What? Who needs regular expressions in the age of automation? I do! And maybe you need them too.

Personally I think that there are times when regular expressions are the right tool for the job. They have been around for a while and they are still a very useful aid that can be used to solve many problems in the network engineering space.

Need to quickly find where ACL is applied, or which config has got the specific IP in it? How about quickly audit config files for the missing configuration line? Regex to the rescue!

Contents

Introduction

If you never heard of regular expressions, or regex in the short form, they can be described in simple terms as a language used to describe search patterns. These patterns, when applied to text, allow for finding, as well as replacing, matching characters.

Regular expressions have seen widespread adoption over the years and can be used in Linux utilities like grep, sed, awk, and countless others. Quite a lot of software out there has some kind of support for regex, you'll find in them in Notepad++, and Wireshark for example.

Most of the networking vendors use regex in the CLI to filter output of the commands, and in some configuration commands, like as-path access lists. Regular expressions are also supported by pretty much all of the programming languages out there, including Perl, Go, and Python.

Basic syntax and metacharacters

I will use only basic regex syntax in this blog post as this is meant as an introduction, and because even basic regex can help us solve many problems.

We'll begin with metacharacters, characters that have special meaning. When combined with regular characters they allow us to do pretty funky things. Below is a short list of metacharacters and their meaning.

Matching single character

Below metacharacters are used to match single characters in the text.

  • . – dot matches any character once, to match dot character itself you need to escape it i.e. use "\."
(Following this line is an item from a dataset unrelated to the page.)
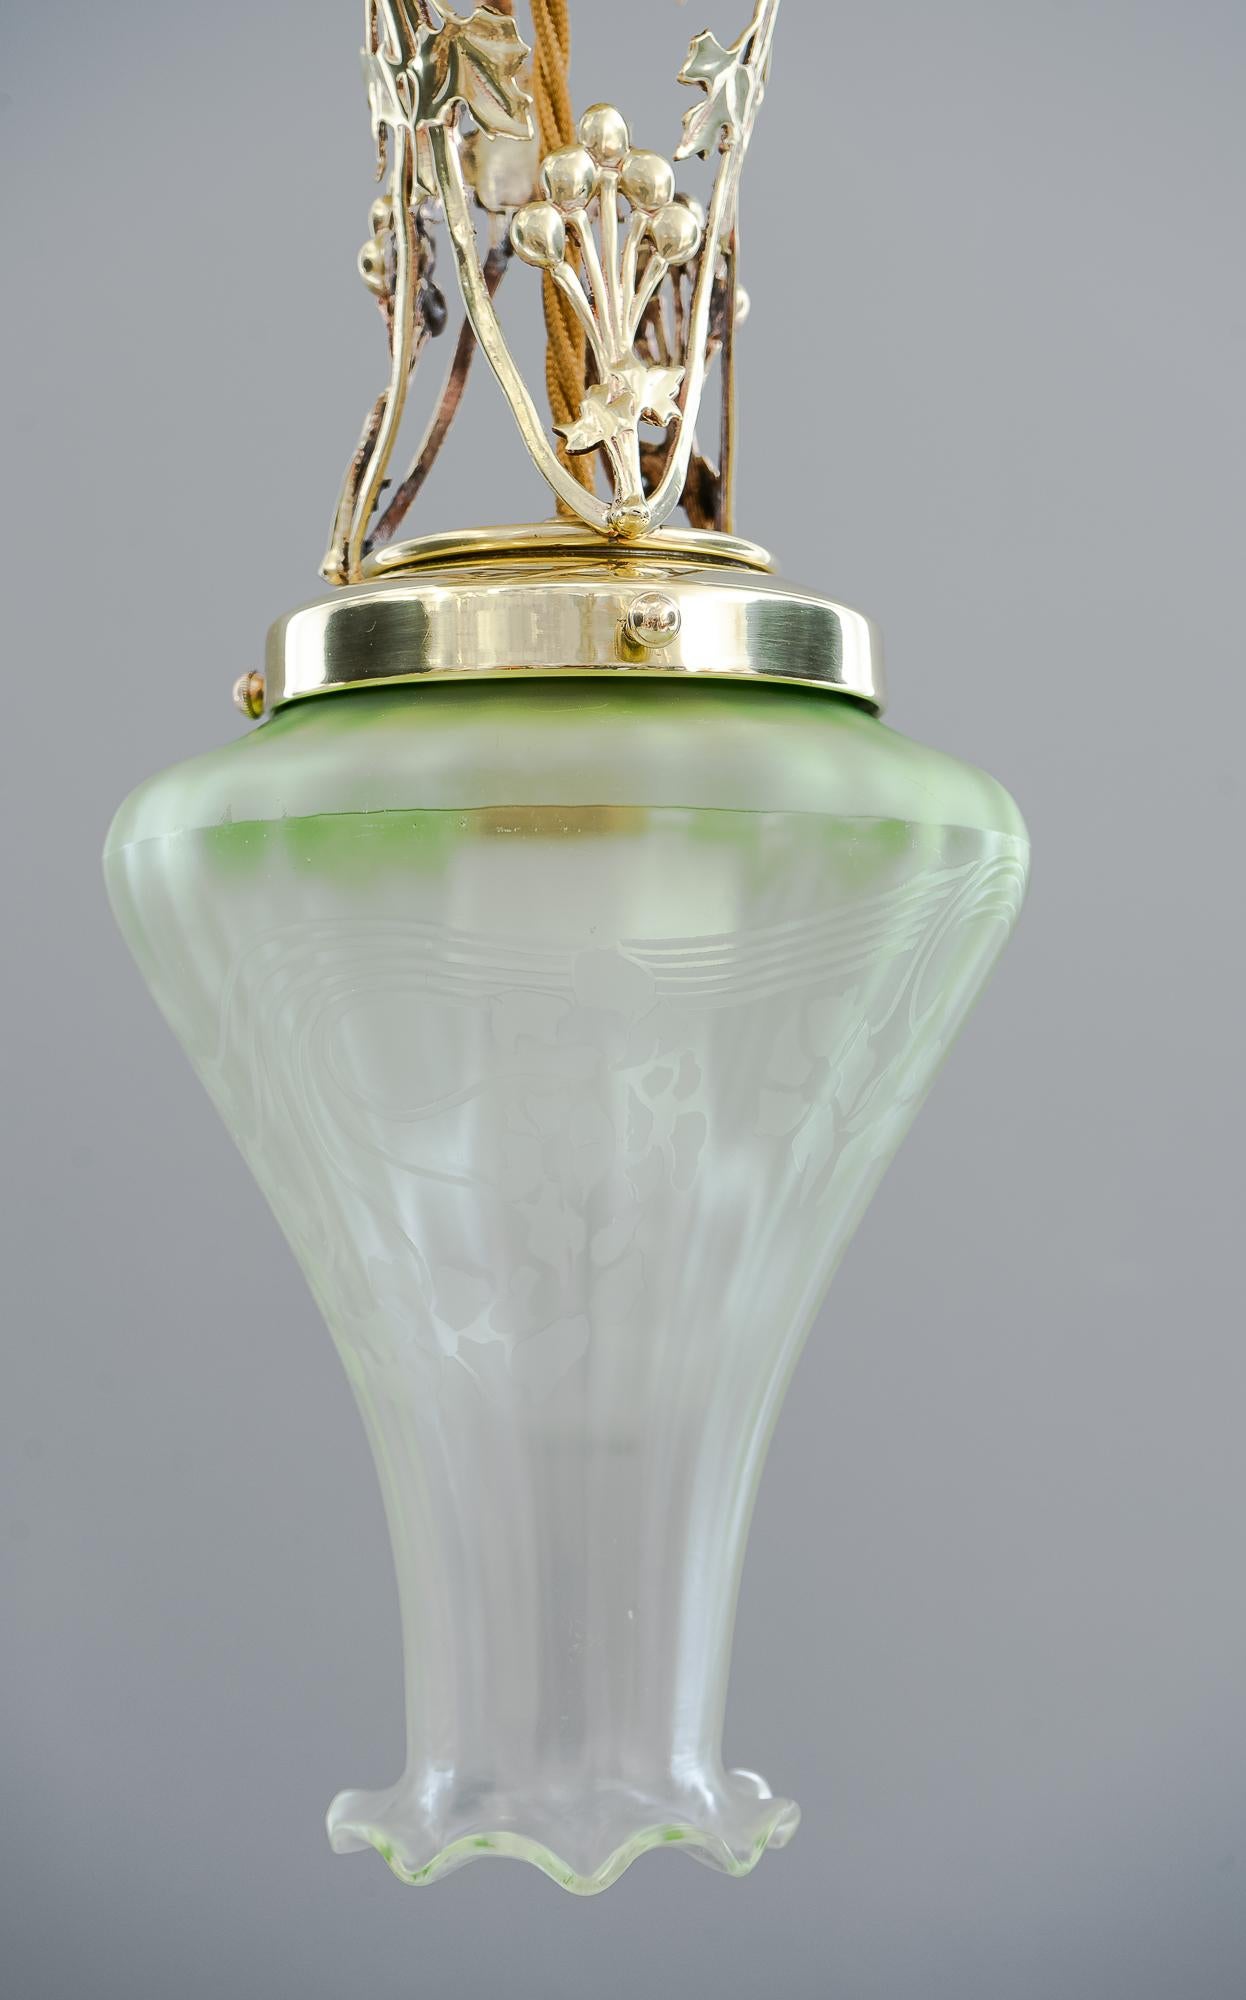 Jugendstil Ceiling Lamp Vienna circa 1908 with Original Glass Shade For Sale 4

  • [ ] – character class, matches any one character listed; examples of character classes and their meaning:

    • [0-9] – digits from 0-9
    • [a-z] – letters from a to z
    • [A-Z] – capital letters
    • [-a-z_] – a to z and _ (underscore) as well as – (dash), dash has to come first as it has special meaning when used between other characters
    • [0-9a-zA-Z] – digits and all of the small and capital letters
  • [^ ] – negated character class, matches any one character that is not listed; examples:

    • [^a-d] - matches all characters apart from lower case a, b, c and d
    • [^-_|] - matches all characters apart from -, _ and |

Quantifiers

These allow us to specify number of occurrences of preceding elements, either single characters or group of characters.

  • ? – whatever precedes is allowed once but it is optional, e.g. "akira?" - matches "akir" and "akira"
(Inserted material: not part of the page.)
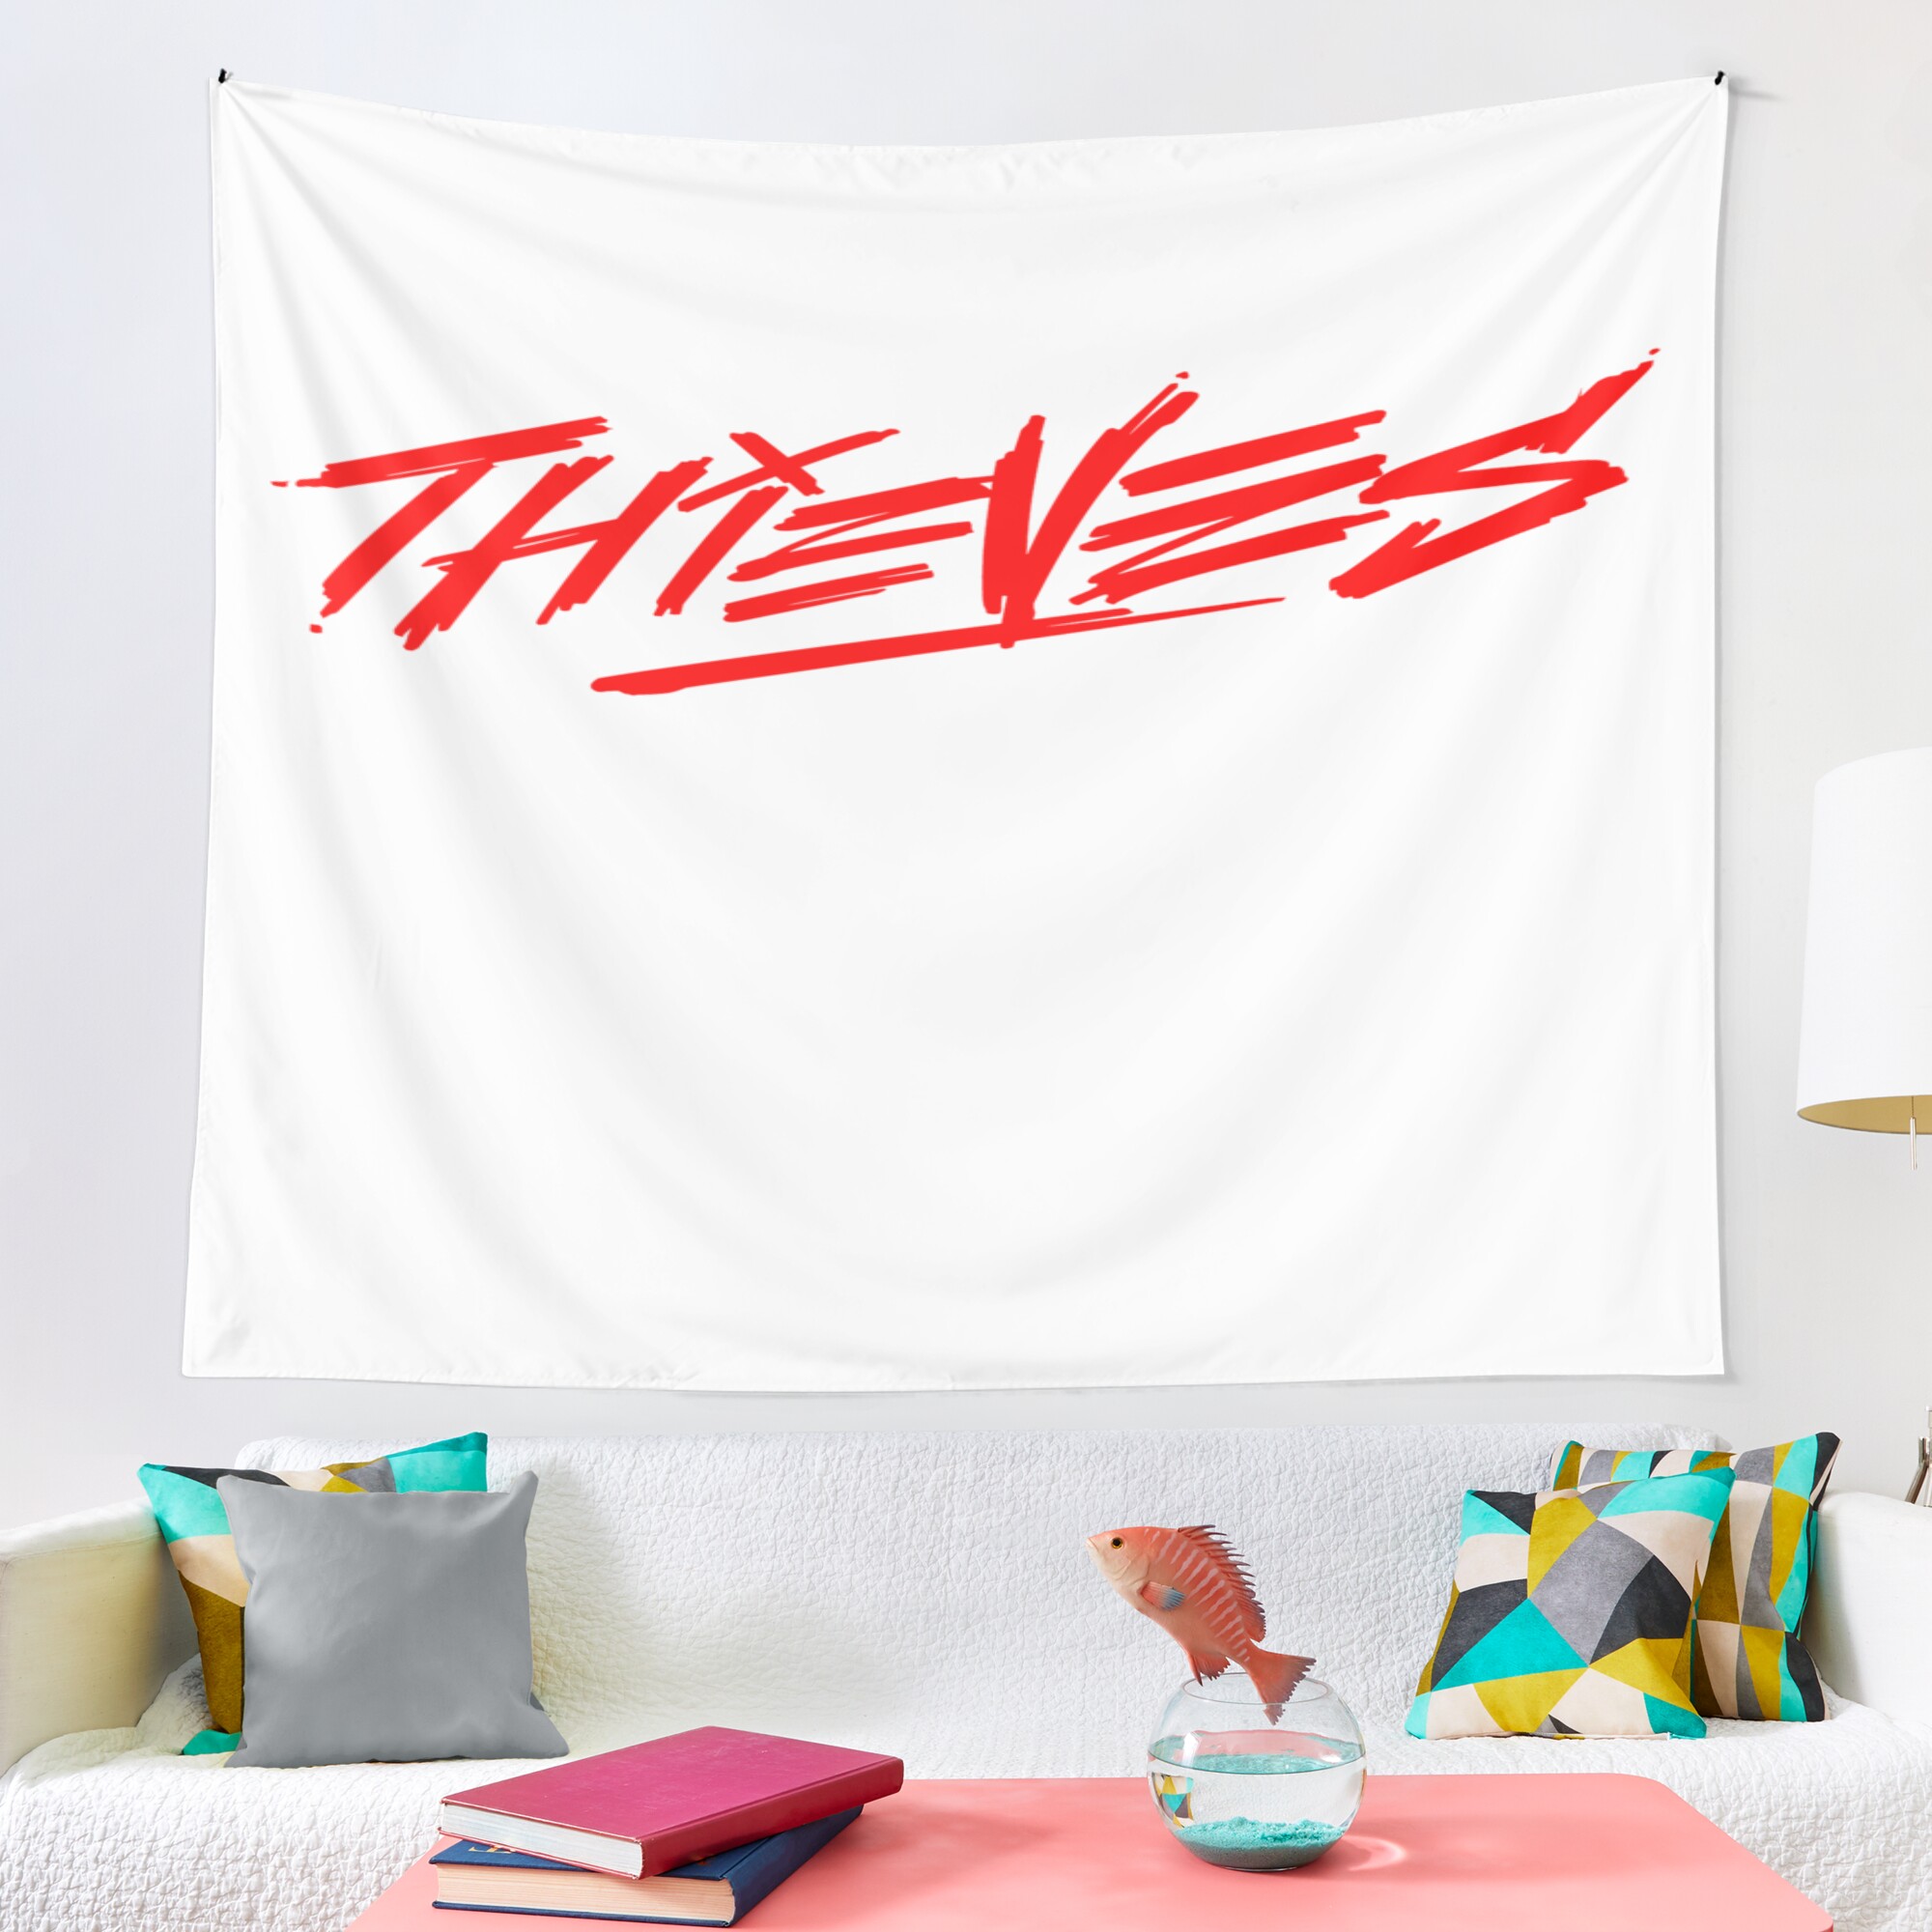 urtapestry lifestyle largesquare2000x2000 8 - 100 Thieves Shop

  • * - any number of preceding allowed, all are optional, often used with . (dot)

  • + - at least one required, any extra ones are optional,
    {min,max} – allowed between min and max, e.g. [0-9]{1,3} matches 3, 50 and 980

Match position

Used to anchor the match, i.e. limit the positions at which match can occur.

  • ^ - matches the position at the start of the line

  • $ - matches the position at the end of the line

Other metacharacters

Other useful metacharacters.

  • | - matches either element on the left or right, (cat|dog) will match both "cat" and "dog"
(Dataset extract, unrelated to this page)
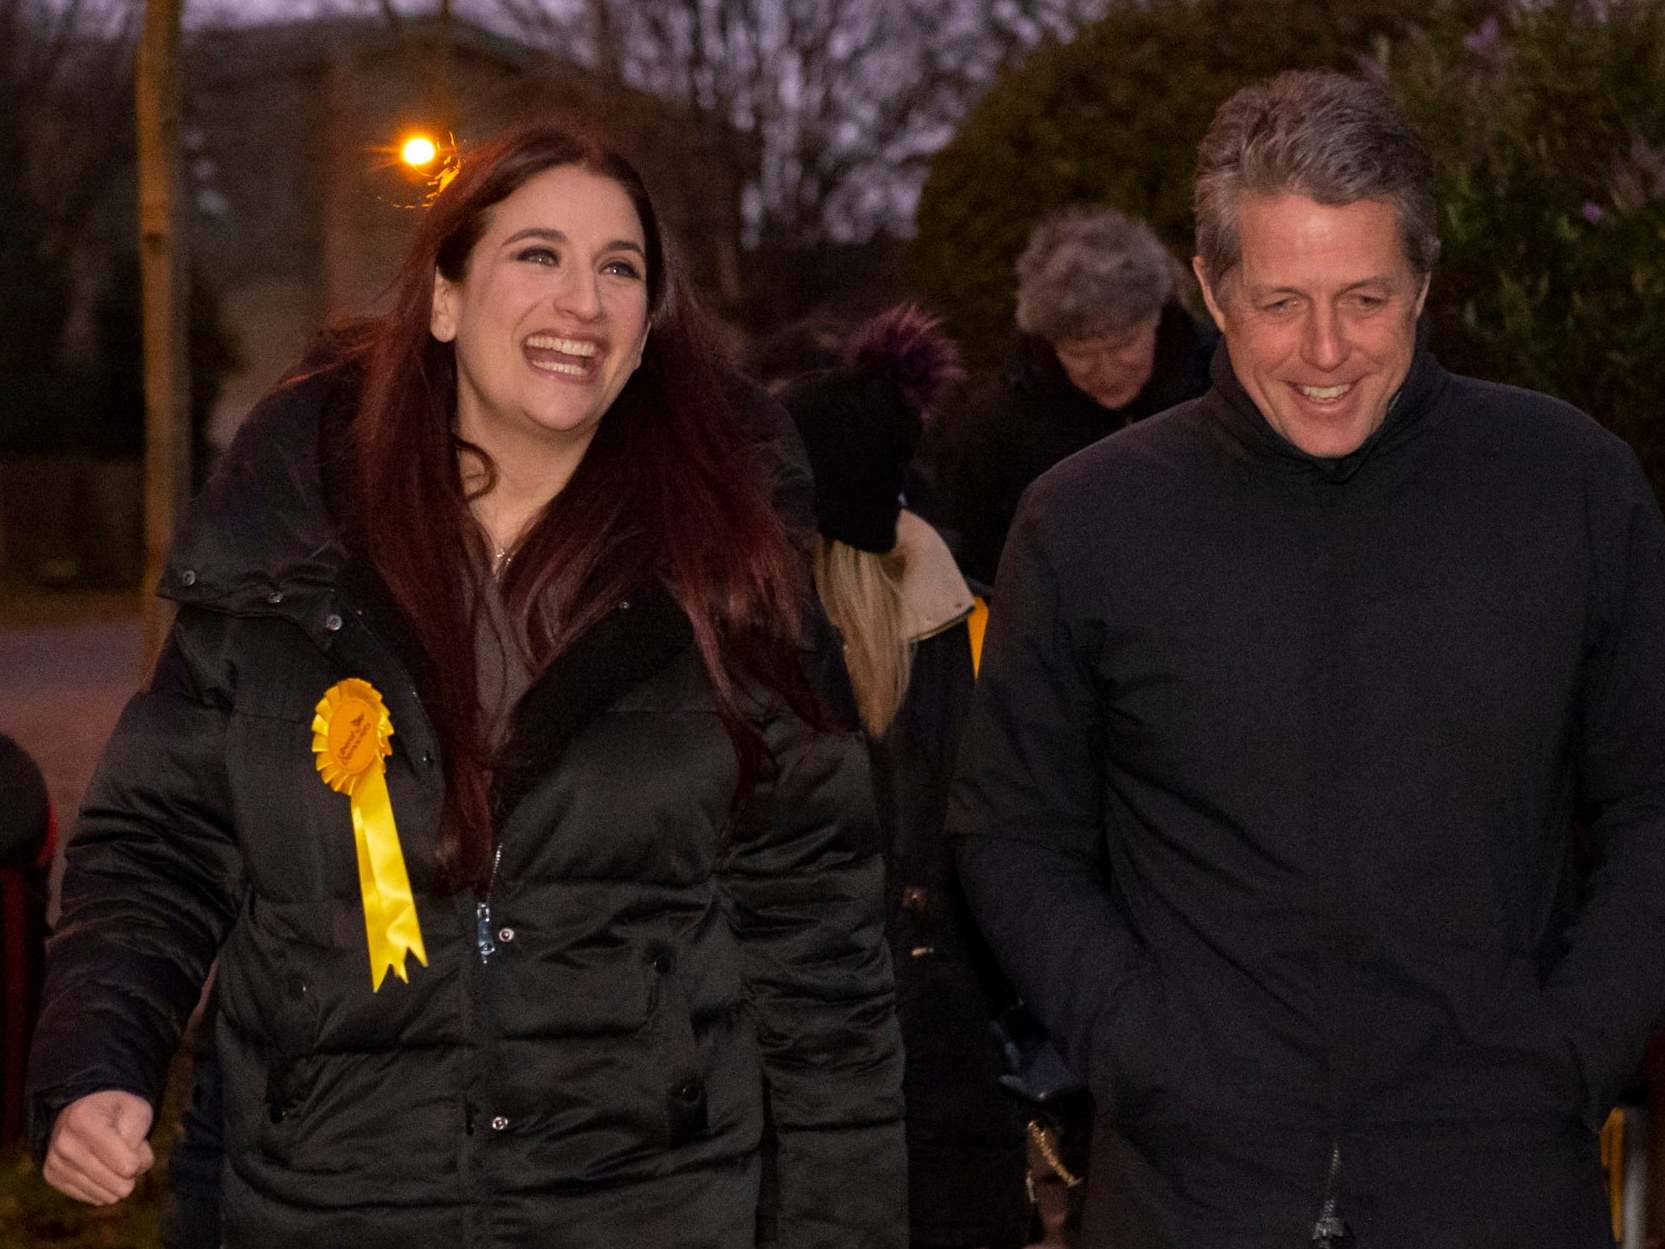 Then Liberal Democrat candidate Luciana Berger and Hugh Grant canvassing during the election

  • ( ) – can be used to group for quantifiers, capture for backreferences or limits scope of alternation "|"

  • \1 , \2 – backreferences, these refer to text matched within first, second, etc., set of parentheses.

Regular expressions examples

I realise that some of the above might make little sense so I'll move right to examples, as the best way to learn regexes is to use them.

I'll be using grep, a popular Unix tool, also available for Windows, as it comes pretty much with every flavour of Linux out there. Occasionally other Unix tools will be used to help with filtering output.

Example 1 - find hostname in the config file

The first one is very simple, but hey, we have to start somewhere. This allows for quick extraction of the hostname from the config file. For example you could use this to validate that the configured hostname matches hostname used to name the config file, e.g. the one downloaded by Rancid.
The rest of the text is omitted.